=== Section Start ===

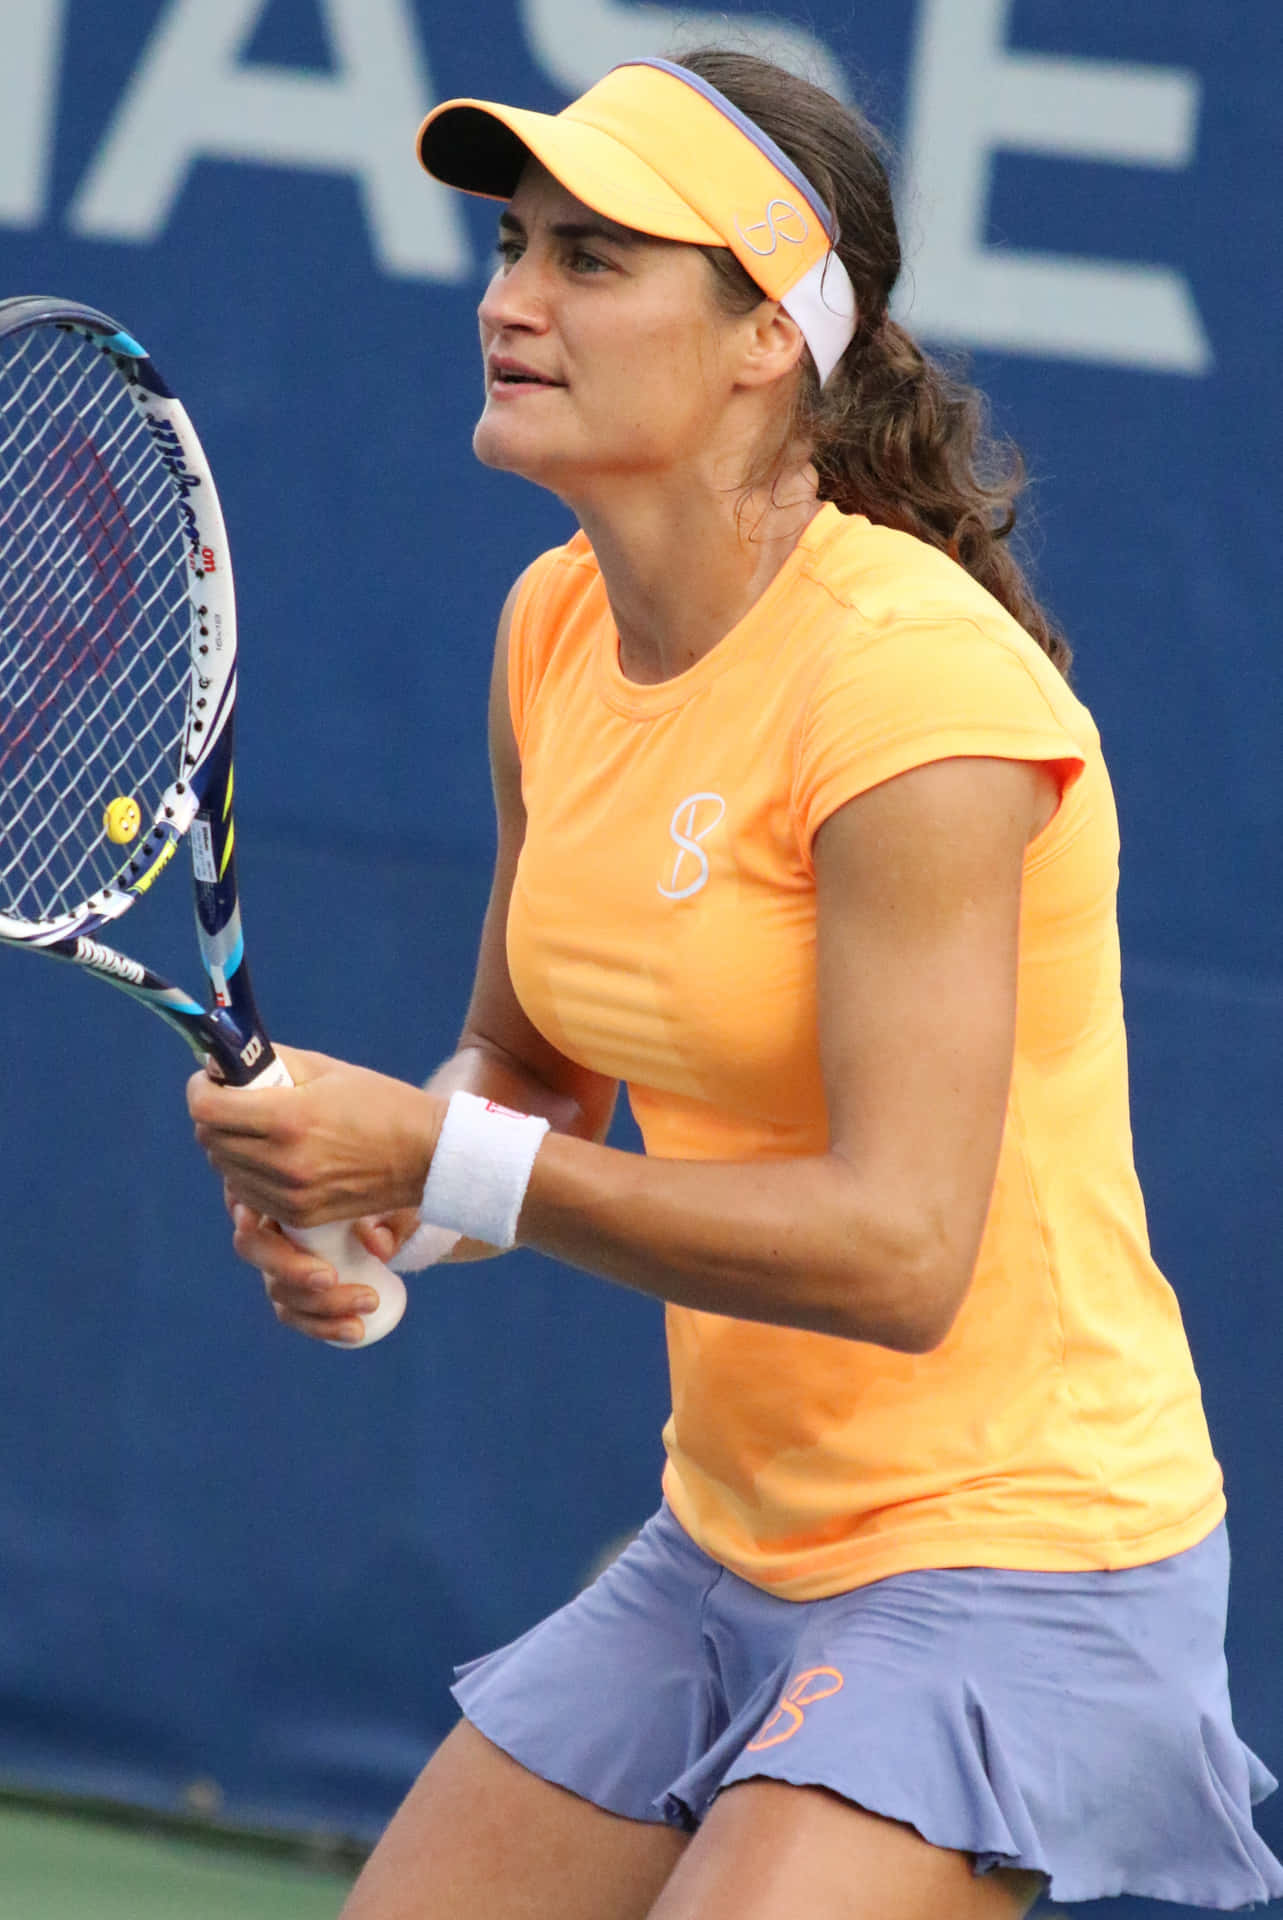 Monicaniculescu En Traje De Tenis Naranja. Fondo de pantalla
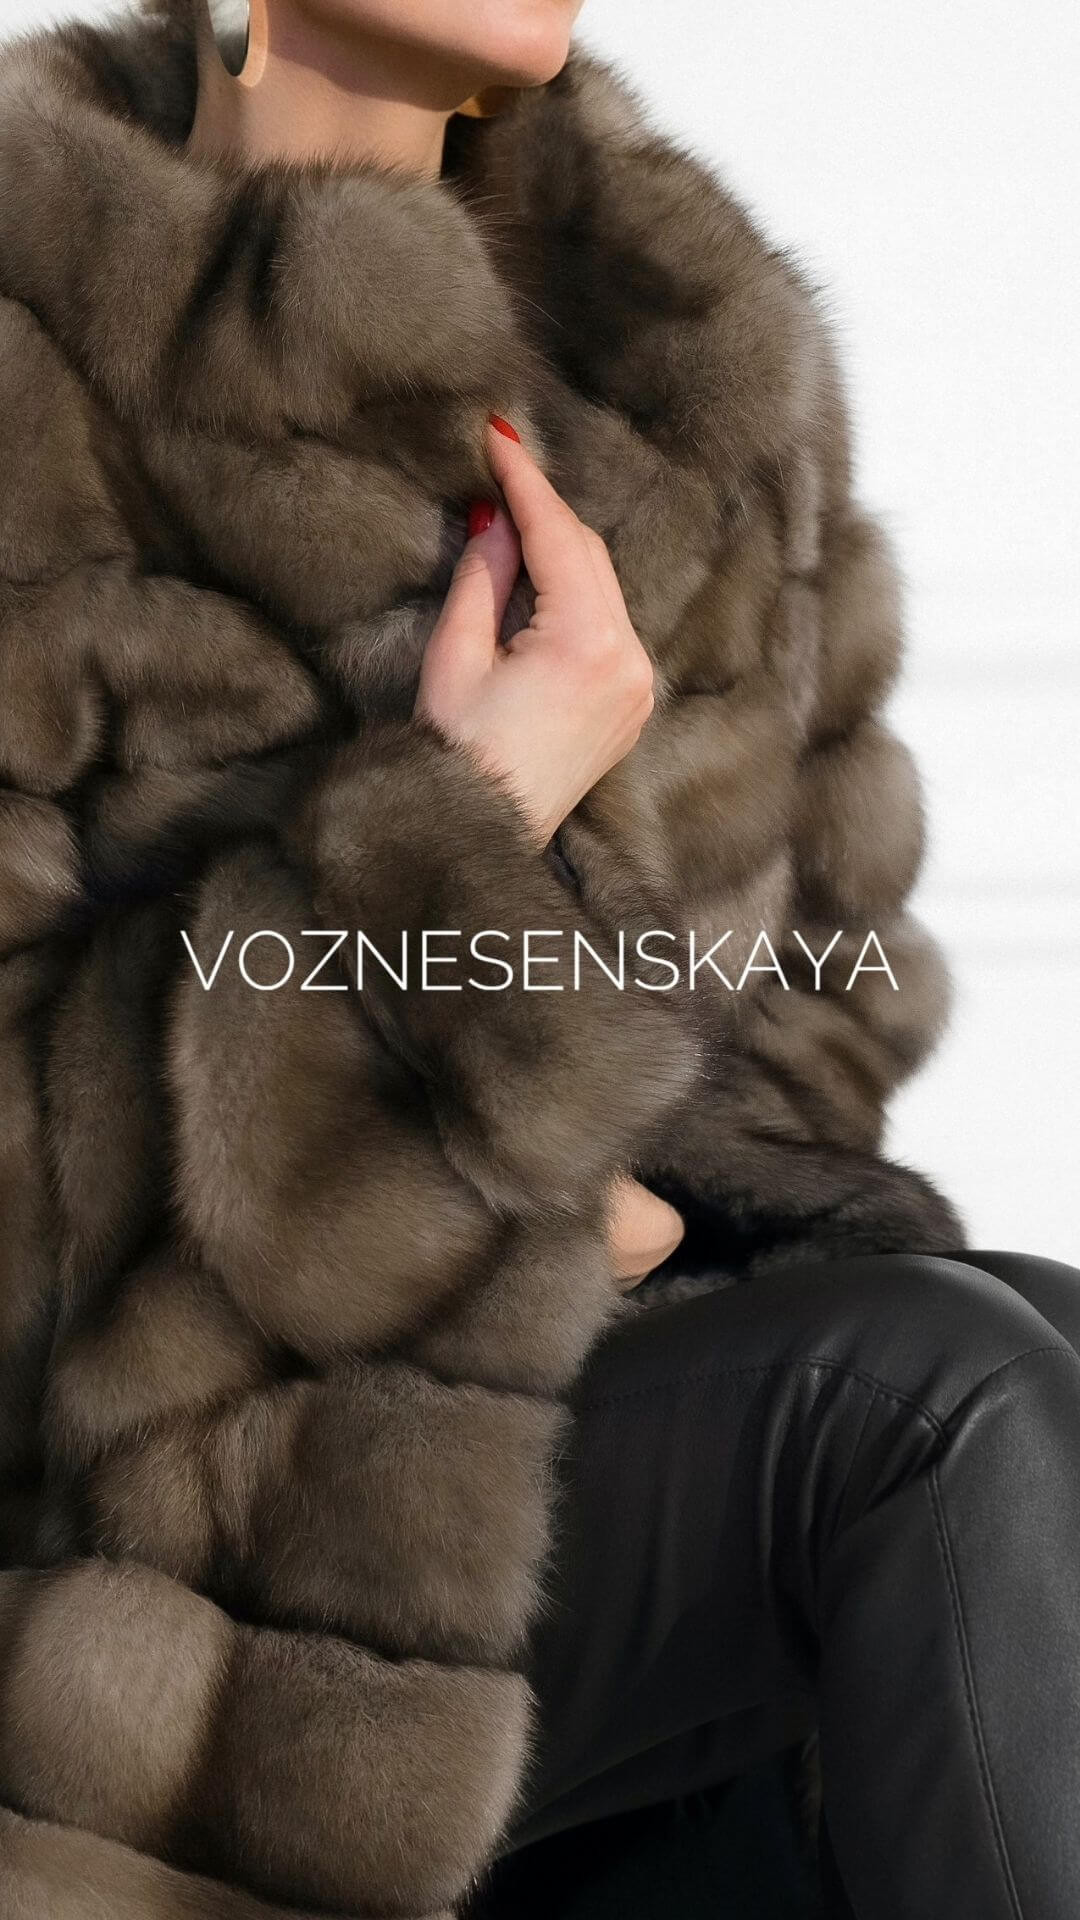 Alter an old fur coat
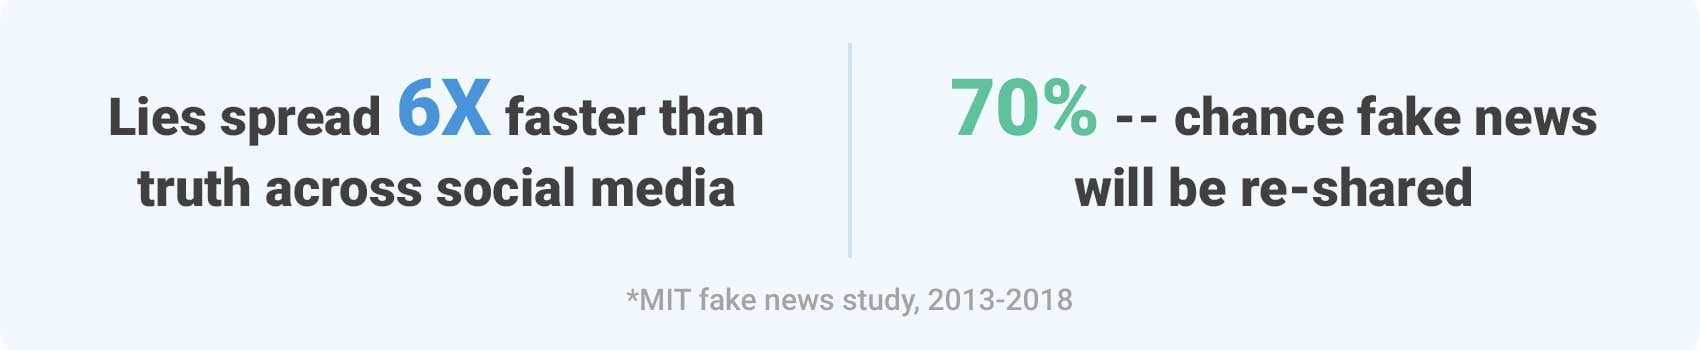 fake-news-stats
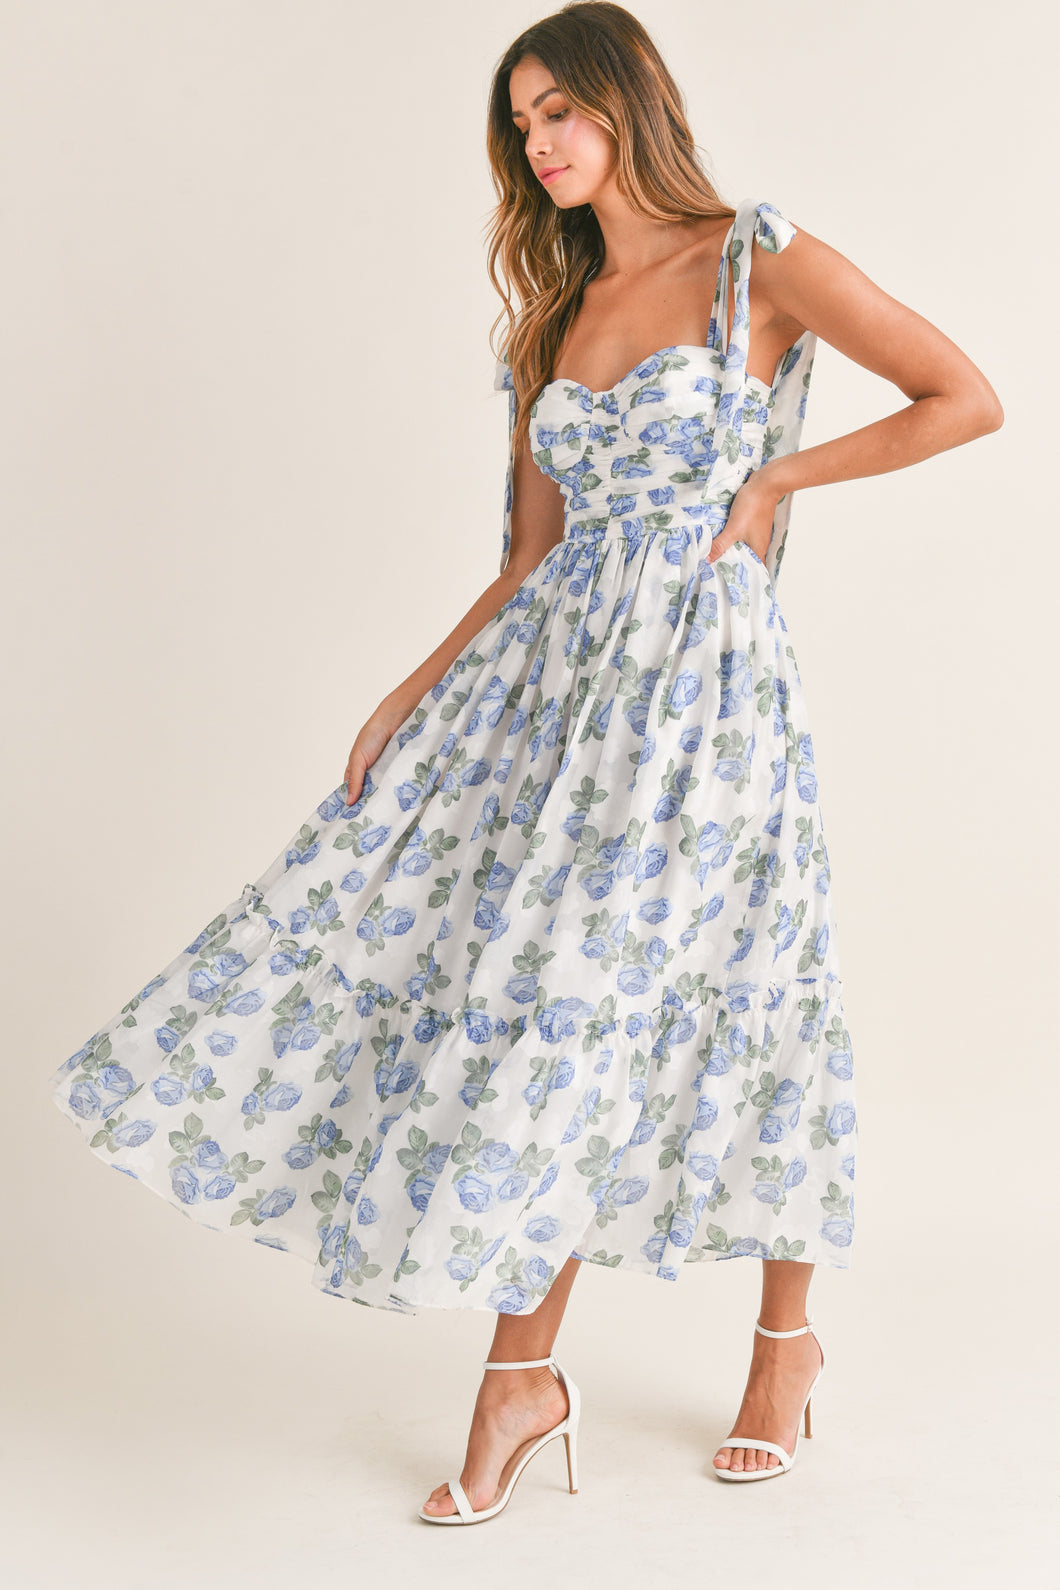 Winnie Flowy Blue Floral Sweetheart Maxi Dress
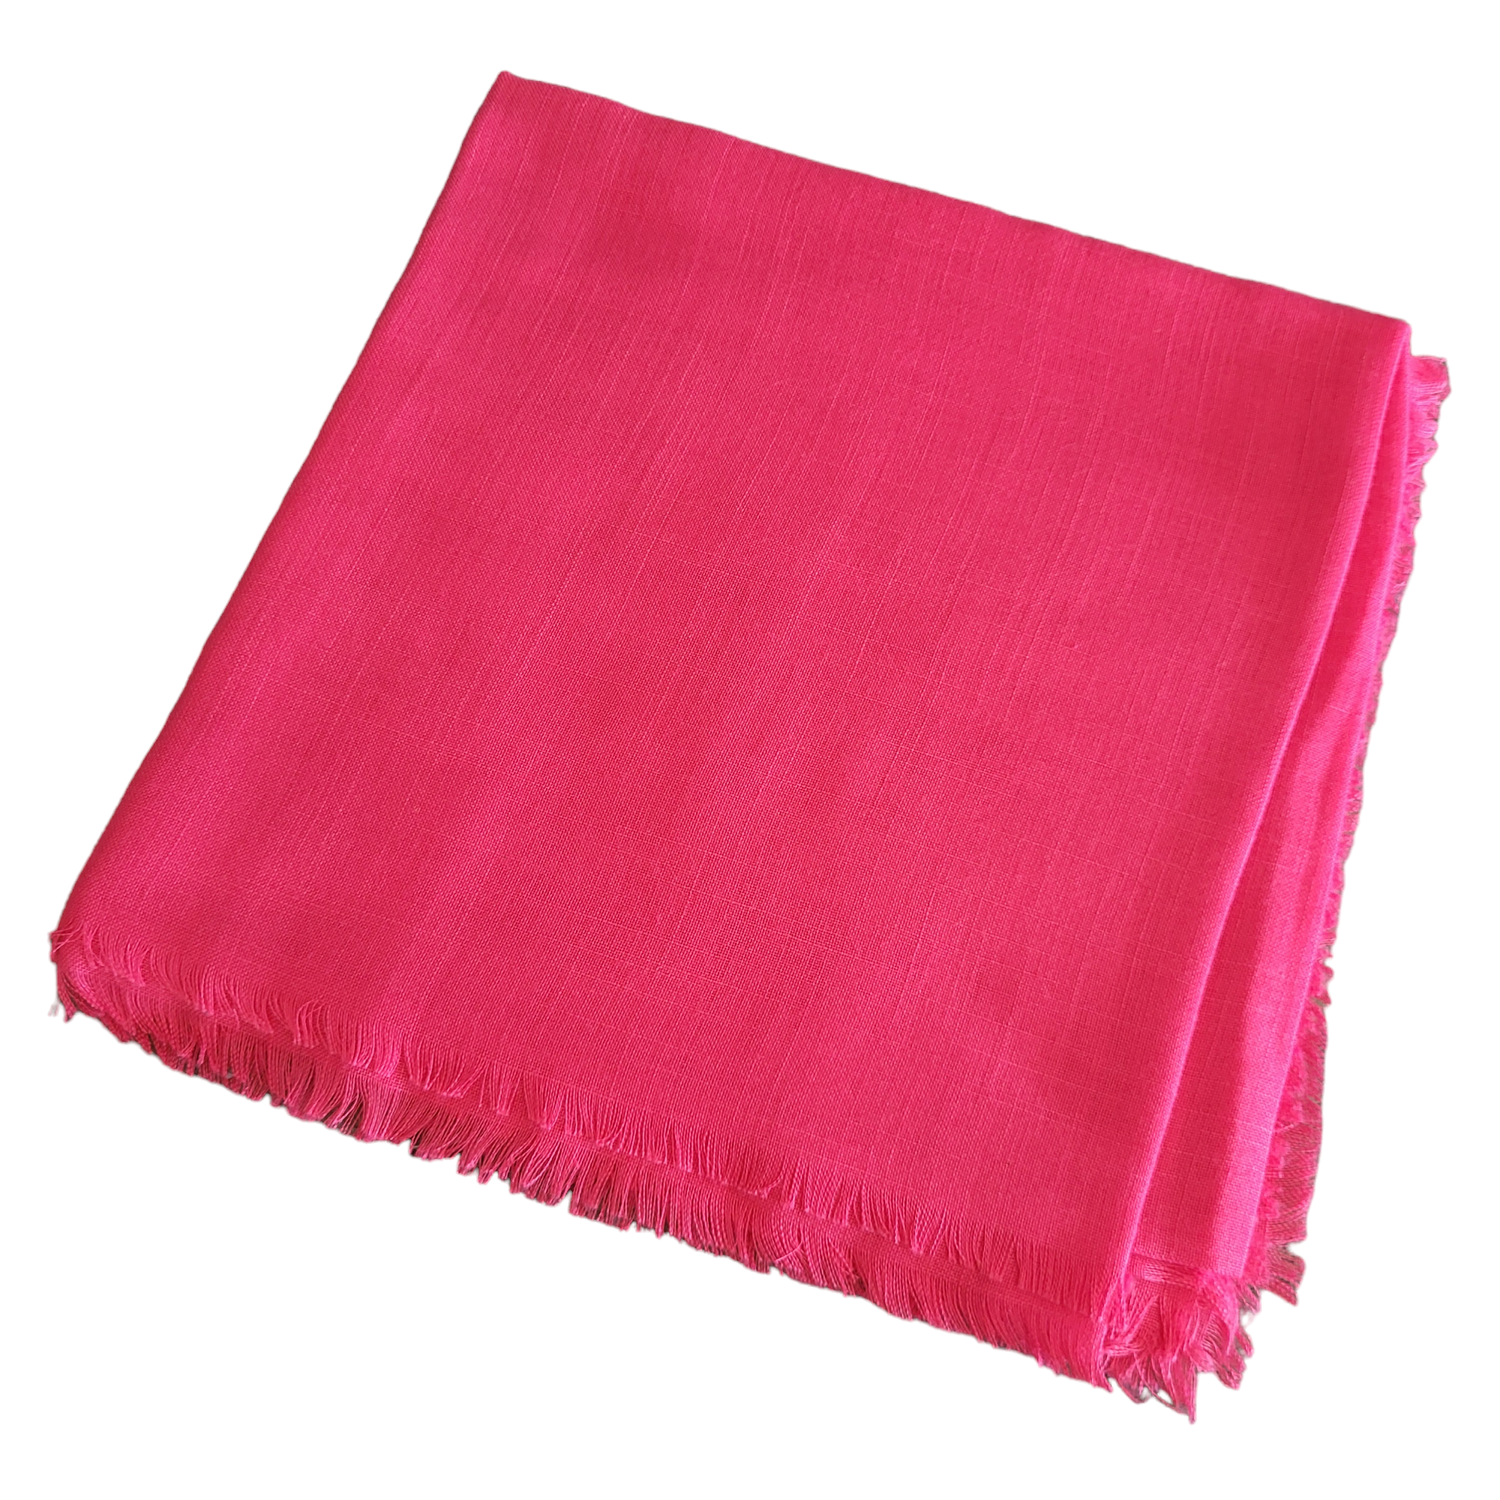 Solid soft fringed tichel - HOT pink

=== Section End ===

**What this task involves**
Repeat the full set of records exactly, and output no pictures.

**Exercise answer**
 Monicaniculescu En Traje De Tenis Naranja. Fondo de pantalla
 Alter an old fur coat
 fake-news-stats
 Winnie Flowy Blue Floral Sweetheart Maxi Dress
 Solid soft fringed tichel - HOT pink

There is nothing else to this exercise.